La Française REM: An anticipated pause in Q1

La Française REM: An anticipated pause in Q1

Vastgoed Europa
vastgoed (06) kantoor

The European commercial real estate market hit pause in Q1 2023. Tightening monetary policy, rising inflation and European and US bank crises weighed heavily on investment activity.

While the current context is slowing down the pace of transactions and pushing some investors to adopt a wait-and-see attitude, it is also creating opportunities for equity-rich investors, who can create value through rental reversion or by improving the features – particularly the environmental characteristics – of assets and for opportunistic global investors.

Market segments characterized by a structural supply shortage or more immune to economic cycles are attracting investors’ attention. These include healthcare, tourism and managed residential assets.

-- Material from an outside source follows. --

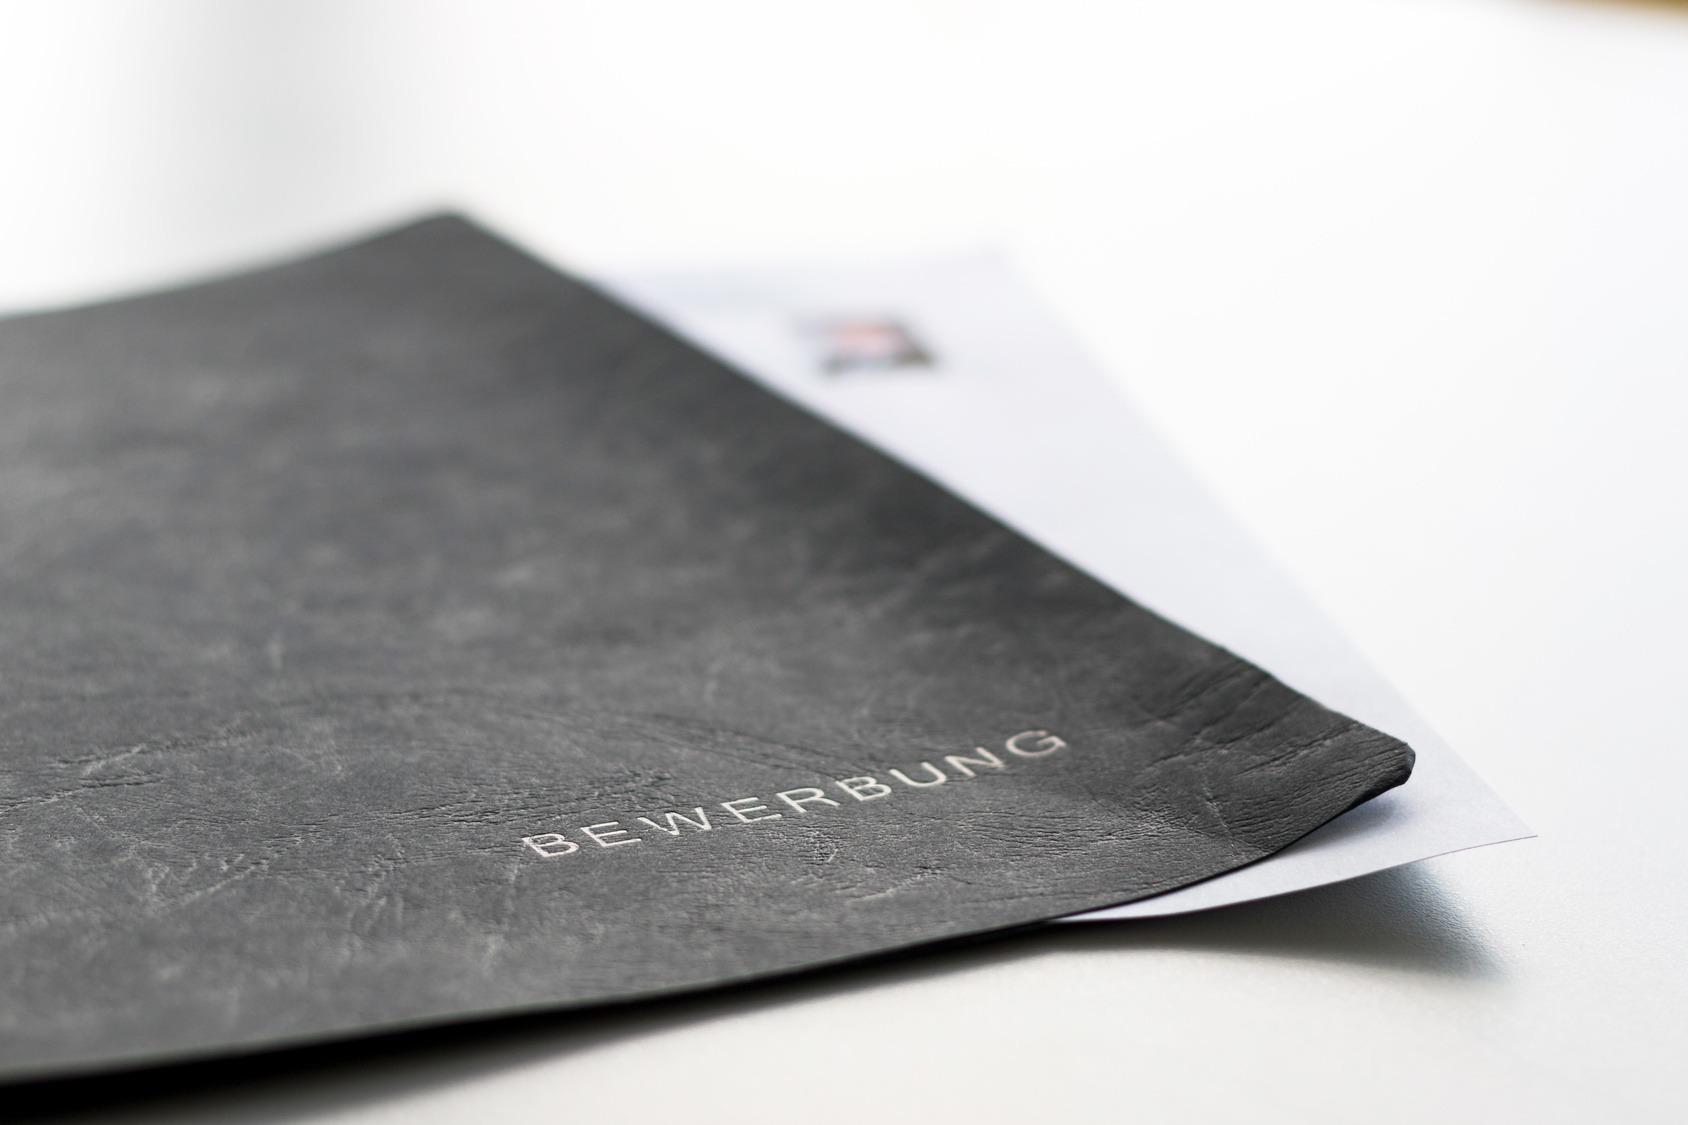 Eine schwarze Bewerbungsmappe liegt auf einem weißen Tisch.

Investment volume down year-on-year

The European real estate market is experiencing a period of adjustment. Investors, eager to position themselves in the new macroeconomic and financial context, are necessarily trying to establish new benchmarks.  In Europe, the volume of commercial real estate investment dropped 63% year-on-year, reaching €26.5 billion in Q1 2023. In Q1 2023, the share of global investors (versus European investors), looking to take advantage of price levels, was on the rise.

Across the board, all asset classes and markets registered declining investment volumes. Nevertheless, diversification assets stood out, given their more defensive profile. For example, the volume of European healthcare real estate investment over the past twelve months ending March 2023 declined, standing at €9.5 billion, nevertheless above its long-term average.

The United Kingdom and Germany remain the most dynamic European real estate markets despite the respective drops in investment volume of 68% and 71% year-on-year. Ireland, Belgium and France on the other hand are the most resilient, registering declines of less than 30%.

Broadly stable prime office yields

The upward trend in peripheral location real estate yields continued within a range of 25 to 50 basis points across Europe in Q1, while prime office yields remained broadly stable. Paris, London, and the main German cities (Berlin, Hamburg, Munich and Frankfurt) still offer prime yields below 4%, while regional cities (i.e., Lille) offer yields of around 4.5%.

High inflation and growth in rental values, supported by weak vacancy in central locations, should contribute to offsetting the effect of rising interest rates on prime real estate asset values.

Take-up and supply in European office markets

With businesses hit by rising energy costs, wage inflation and higher investment costs, the European letting market slowed in Q1 2023, with take-up* down by 4% over the past twelve months and immediate supply rising by 6%. Given the quasi absence of transactions exceeding 5 000 m2, the transaction volume of the European office real estate market fell significantly. New ways of working and the subsequent rationalisation of office premises are contributing to an increase in supply, particularly of secondary assets.

Overall office supply in most of Europe’s capital cities remains abundant, but of poor quality, falling short of occupier expectations in terms of centrality, adaptability and technical standards.